Without Decolonisation, Palestinians Will Remain Tethered To Unviable Humanitarian Aid

If Palestinians were to gain from international endeavours, the international community would have to deconstruct all its detrimental policies to date.

If Palestinians were to gain from international endeavours, the international community would have to deconstruct all its detrimental policies to date.

A quarter of a century since the signing of the Oslo Accords and the Palestinian people are still incarcerated in a role that is not of their choosing. The international community is intent on regurgitating policies that have subjugated Palestinians into a deteriorated economy while knowing full well that through the same accords which protected Israel’s colonial intent, Palestinians are now defined only through humanitarian discourse.

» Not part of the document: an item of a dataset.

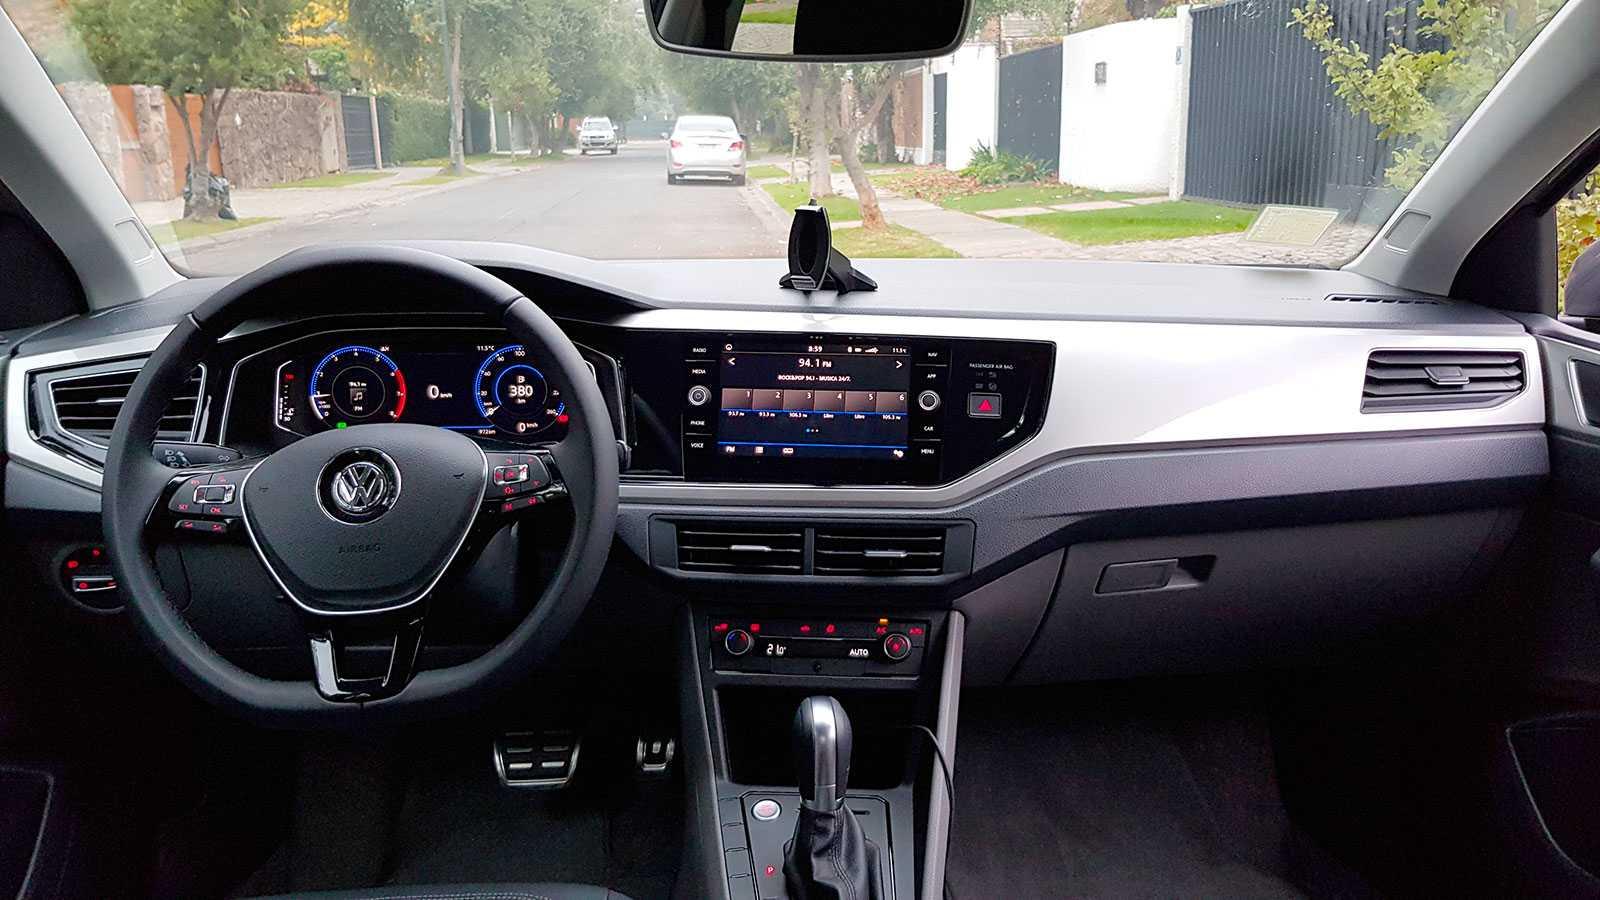 Vw Virtus 2019 Mexico 2019 2020 Gm Car Models

In a recent press release discussing its annual report, the UN Conference on Trade and Development (UNCTAD) stated that Palestine’s economic reality is in continuous deterioration, warning that:

“evaporating donor support, a freeze in the reconstruction of Gaza and unsustainable, credit-financed public and private consumption offer poor growth prospects as the confiscation of land and natural resources by Israel continues”.

UNCTAD unequivocally places blame upon Israel, showing how each military aggression upon Gaza and the ensuing refusal to allow the enclave proper reconstruction, as well as restrictions upon the trade of goods “that might have a potentially military application” have contributed to a growing deficit. Israel’s illegal blockade on Gaza, rising unemployment, settlement expansion and the Paris Protocol which governs trade tariffs and imposes the same fees upon Palestinians despite their imposed disadvantages, are other factors considered by the report.

UNCTAD correctly speaks about “de-development” as opposed to a deteriorating economy – a fact which the international community refuses to recognise as it continues to speak of future purported progress, always within the context of the two-state compromise, while knowing full well that the statistics convey a different picture. Apart from the ramifications of Israeli colonial exploitation and violence, the political isolation of Palestinians and the superfluous presence of Palestinian representation at an international level through the Palestinian Authority is restricting prospects for Palestinians.

UNCTAD’s analysis of the visible factors contributing to Palestine’s de-development, however, is not enough to construct a plan of reversing the spiralling trend. The constant refusal to distinguish between Palestinians and the Palestinian Authority damages prospects for the people. Inequalities in the existing frameworks are undoubtedly contributing to the deterioration of Palestinians’ lives and prospects. However, the fact remains that any recommendations, if implemented, will be carried out within a corrupt context: Israel, which will not refrain from colonising Palestinian territory and lives, the PA, which cherishes its role as colonial collaborator over any other obligation, and the international community, which has divested Palestinians of their right to political claims while strengthening the concept and implementation of humanitarian aid.

It can be argued that, given the restrictions faced by Palestinians, humanitarian aid has become a necessary endeavour, to the point that its inclusion in a report focusing on the economic situation is barely questioned. It is important to note that humanitarian aid for Palestinians does not even completely address the deprivation. Hence, it is important to note that humanitarian aid, while alleviating some hardships, is also a constraining factor for Palestinians since the international community is still focused on making such aid a priority before even addressing the circumstances that prevent the Palestinian economy from sliding further into an abyss.

The Oslo Accords made de-development an easy task for Israel to execute. Palestinian poverty is now normalised to maintain the status quo ruled by Israel, the PA and the international community. Twenty-five years later, international organisations have also marginalised responsibility and accountability to mere rhetoric, while the gap is largely filled by inadequate humanitarian aid which ensures a continuous cycle of reports and recommendations which are never implemented. Palestinians’ political rights have been butchered for Israel’s security interests, as the Oslo Accords fully intended.

If Palestinians were to gain from international endeavours, the international community would have to deconstruct all its detrimental policies to date, which it has unequivocally supported. Since this is clearly not an option for the system that determined humanitarian aid for Palestinians over political and economic freedom, Palestinians will remain shackled to a system where organisations will have no qualms over raising awareness of their plight, but refusing to consider a new politics commencing with decolonisation through which Palestinians can assert their rights.